This flexibility is useful. Though populated by strangers, a rush hour city bus is the definition of “intimate.” To cope with this crushing proximity, people may use noise-canceling headphones, hold an open newspaper between themselves and the world, or opt for what one researcher in 1999 called the “New York non-person phenomenon”—in essence, a strategic dissociation.

Conversely, and less helpfully, our sense of what’s ours can expand outward. “Road rage” only makes sense if we accept that the driver’s body has, in some meaningful way, grown to encompass their SUV.

More recent findings suggest that Covid-19 changed our spatial reality. During the early phases of the pandemic, millions were confined to their homes and asked to remain hypervigilant in public settings. Anything closer than six feet of distance between strangers implied contamination, both literal and metaphorical, Mehta says.
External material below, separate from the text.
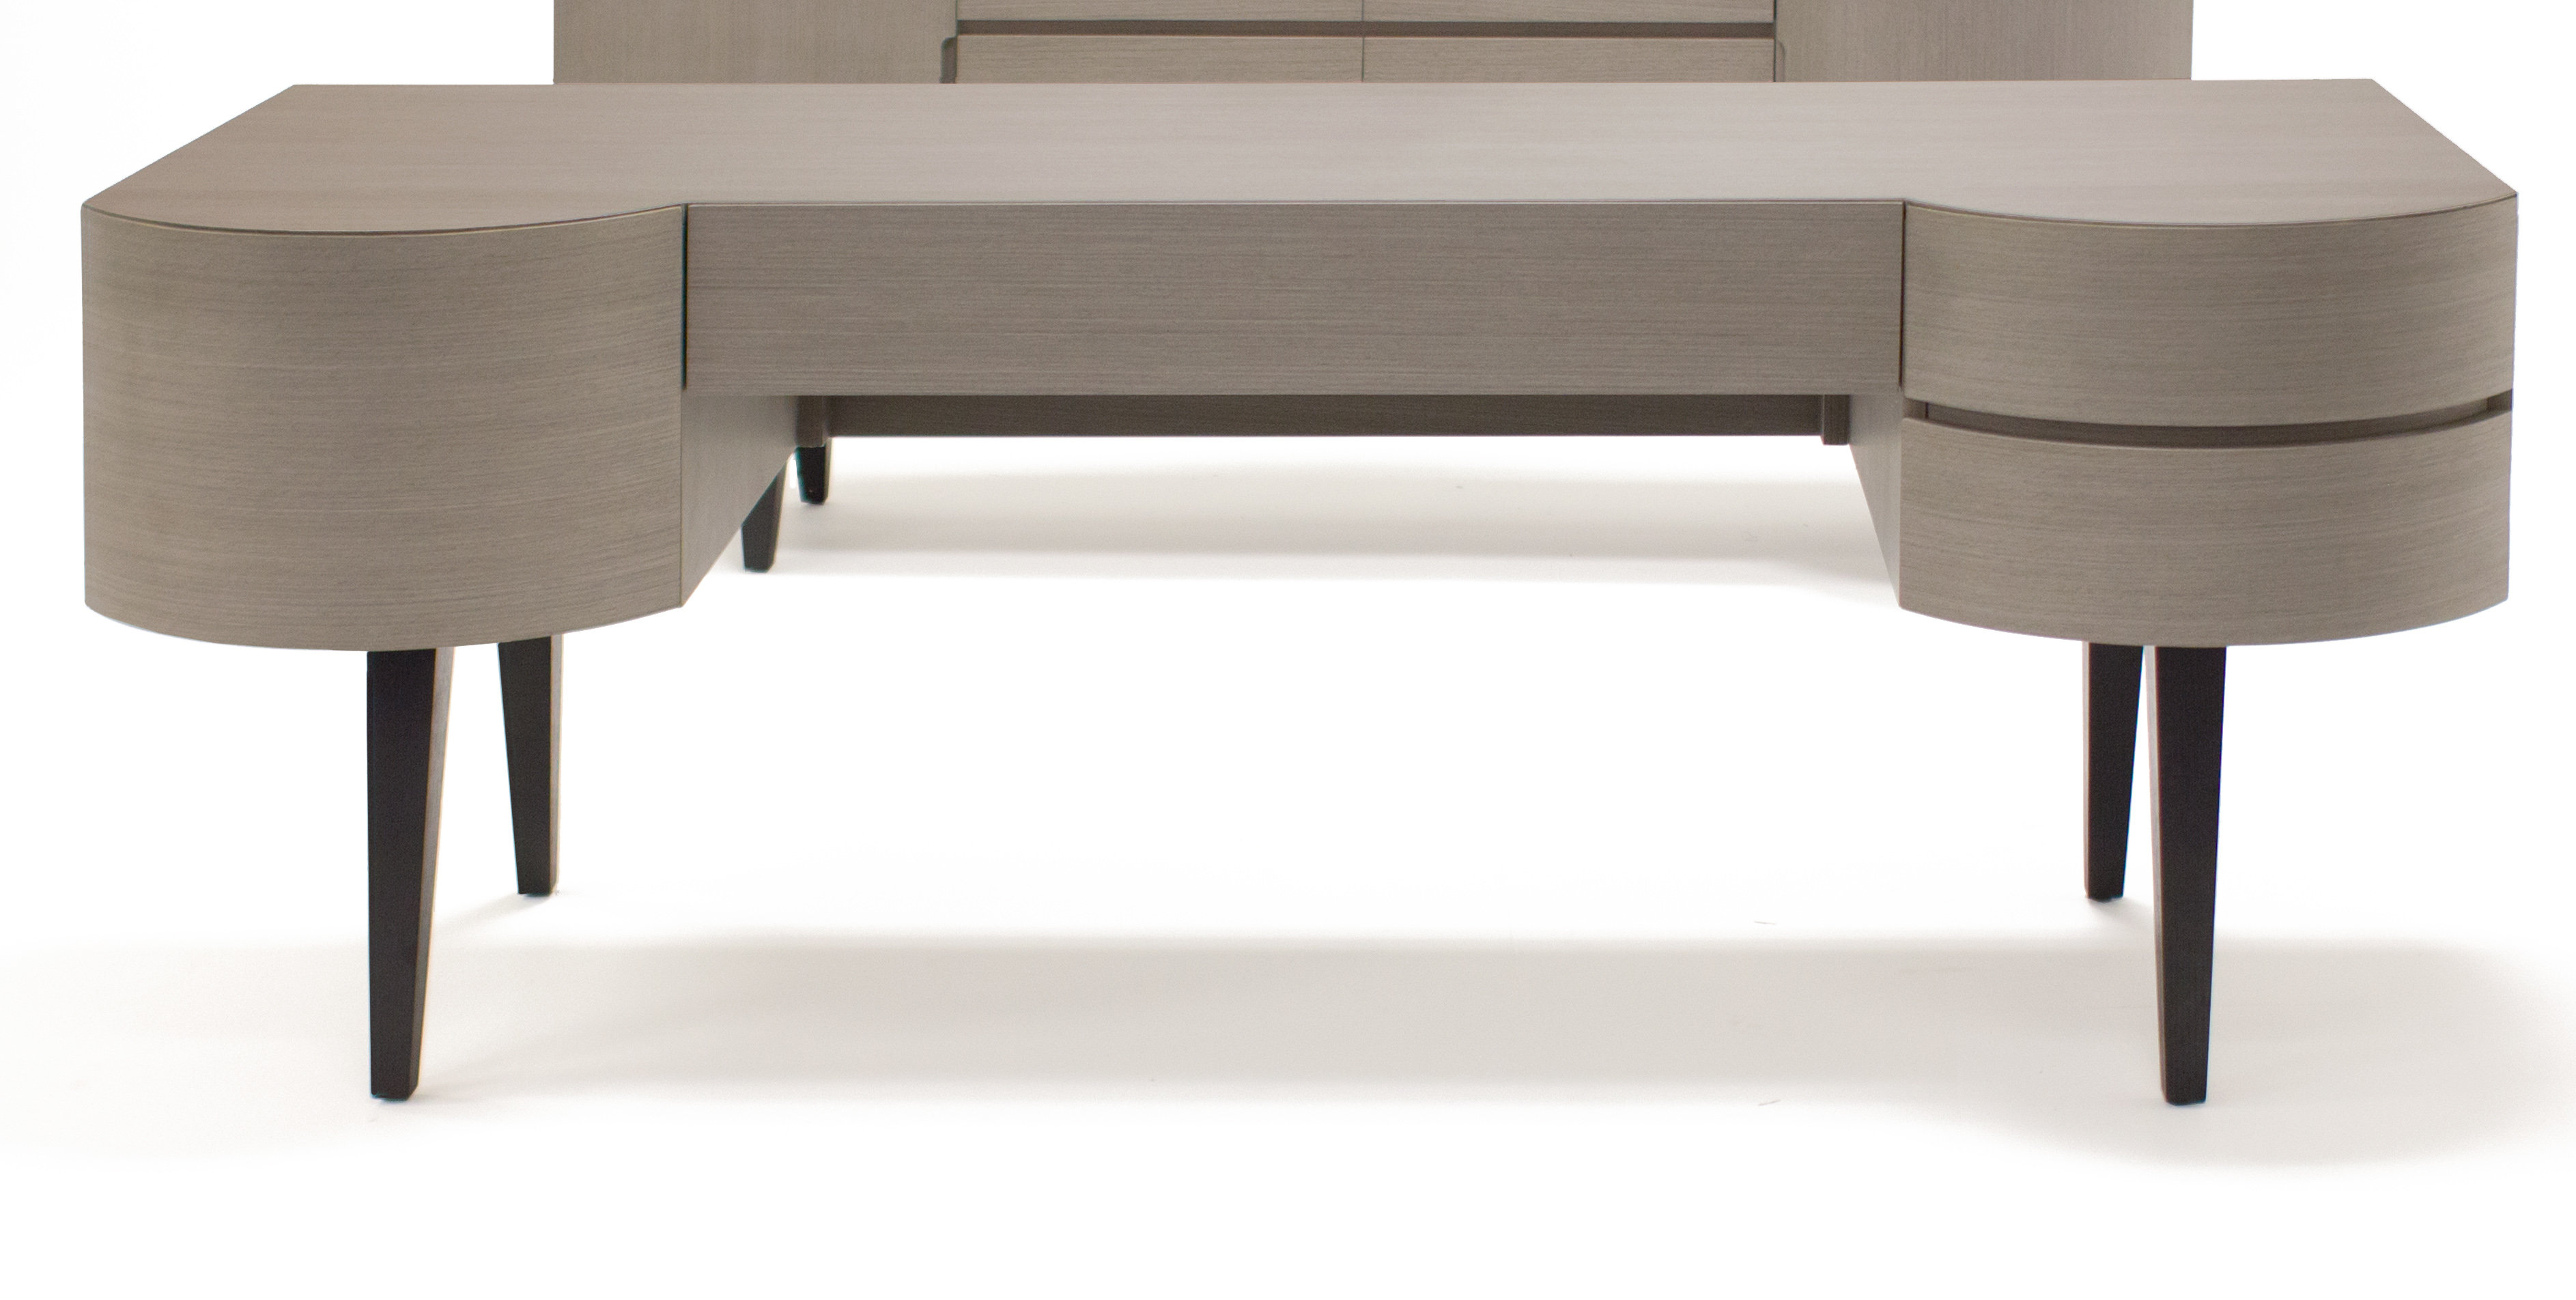 Brayden Studio Yukon U-Shape Computer Desk | Wayfair within Yukon Grey Console Tables (Image 7 of 30)

One 2021 study, conducted at Massachusetts General Hospital with just 19 participants, who were tested before and during the pandemic, found that the subjects’ perception of their personal space expanded by 40 to 50 percent on average in response to these public health measures. What was once a roughly three-foot-wide bubble grew, by the second assessment, to about 4.1 feet around. Other senses may also have been affected: Noise complaints have been on the rise for the last half-decade in some cities. The world temporarily quieted in the lockdown, but our sensitivity to sound seems to have only grown in the post-vax period, if noise complaints data in 2021 is anything to go by.

It’s unclear how widespread or long-lasting these trends really were; the current body of pandemic proxemic research is too small to generate any robust conclusions. But it’s hard not to wonder, when surveying the available data, whether many people may still be experiencing a kind of post-pandemic culture shock, without ever having left their neighborhood.

Or, put another way: If Hall’s second circle—the personal—is expanding, Mehta says it likely comes at the expense of the third sphere: the ever-shrinking social.

The “social” space between humans, extending from four to 12 feet, is the domain in which much of modern life unfolds: Store aisles are often between three and five feet wide. Sidewalks may be as little as five feet across. Even in parking lots, drivers rarely have enough room to fully open their doors. So we slip, slide, and squeeze our way through life—usually without incident.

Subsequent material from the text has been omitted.